Художник не всегда обязан задавать вопросы или давать ответы. Иногда он актуален просто потому, что ему удается создать интонацию, манеру или стиль, адекватные времени. Время нуждается в адекватном языке и в точной интонации речи. Не всегда необходимо разводить философию: манеры персонажа — например, то, как он держит в зубах сигарету или режет кого-то на части, — могут выразить время не меньше, чем нагромождение метафор в артхаусном проекте.

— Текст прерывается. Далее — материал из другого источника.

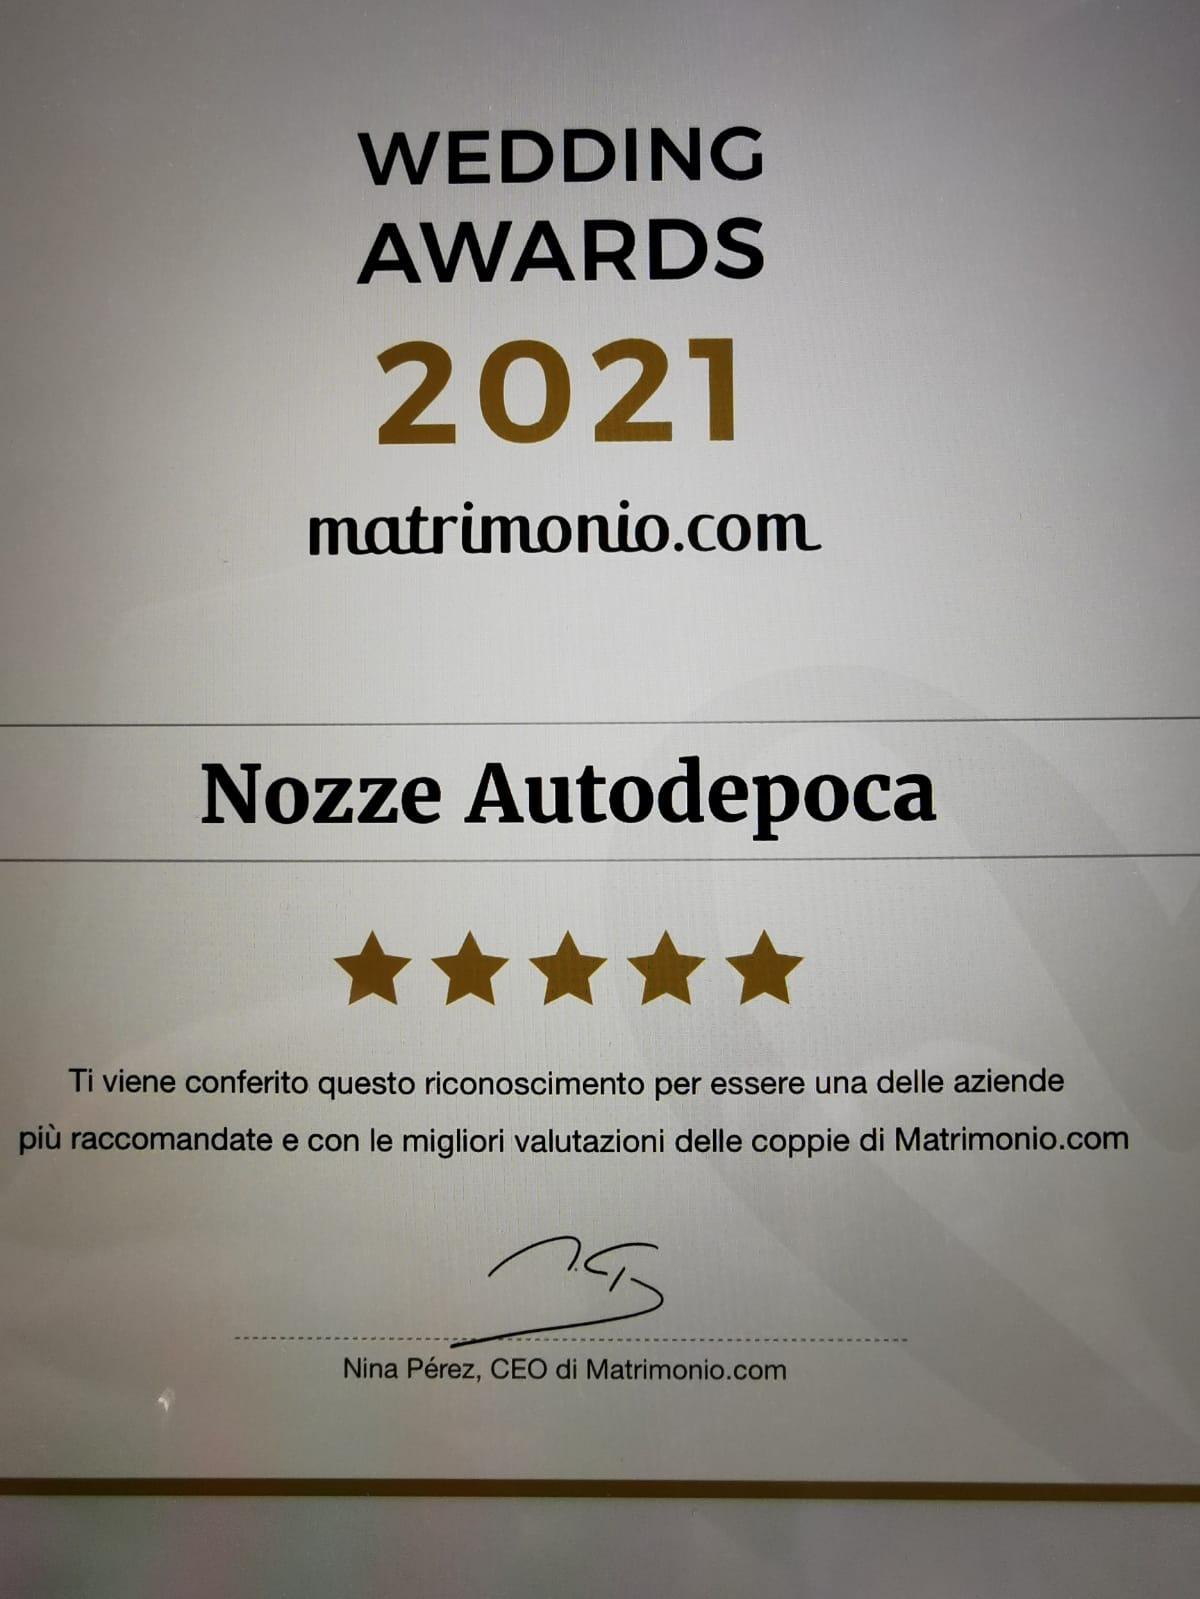 Wedding award 2021 matrimonio.com - Noleggio auto matrimoni - Noleggio Auto matrimoni - nozze auto - auto matrimonio Roma

Зельдович А. Анкета — Что такое актуальность? // Искусство кино. 2010. № 5.
О профессии режиссера
Это наркомания. Кто-то сказал, что нет ничего равного — по обсессивности — с возможностью создавать собственную реальность. Режиссура — это большое развлечение. С этим мало что может сравниться. Причем непонятно, можно ли продолжать этим заниматься, если ты занимаешься чем-то еще. Я несколько раз пытался честно продать душу дьяволу. Как правило, из этого ничего не получалось. Ни заработка, ни результата. Скажем, в Англии есть director — режиссер, которого зовут что-то экранизировать, проявить свой профессионализм, и writer & director — человек, который реализует собственные проекты. Я, наверное, не очень понимаю, что такое сегодня режиссер, где он находится и что он обслуживает. Когда я начинал, режиссеры маркировали время — в России и не только. Сидя в зале на режиссерских курсах, я видел и Климова, и Иоселиани, и Тарковского. Сейчас таких персонажей нет не только в кино, их и в литературе не особо. Они куда-то исчезли. От современного кино я не получаю удовольствия. За редким исключением каких-то качественно сделанных боевиков. Например, «Хардкор» Найшуллера — волшебное кино. От меня это крайне далеко, но это совершенно моцартианское произведение. Изобретательно и очень талантливо.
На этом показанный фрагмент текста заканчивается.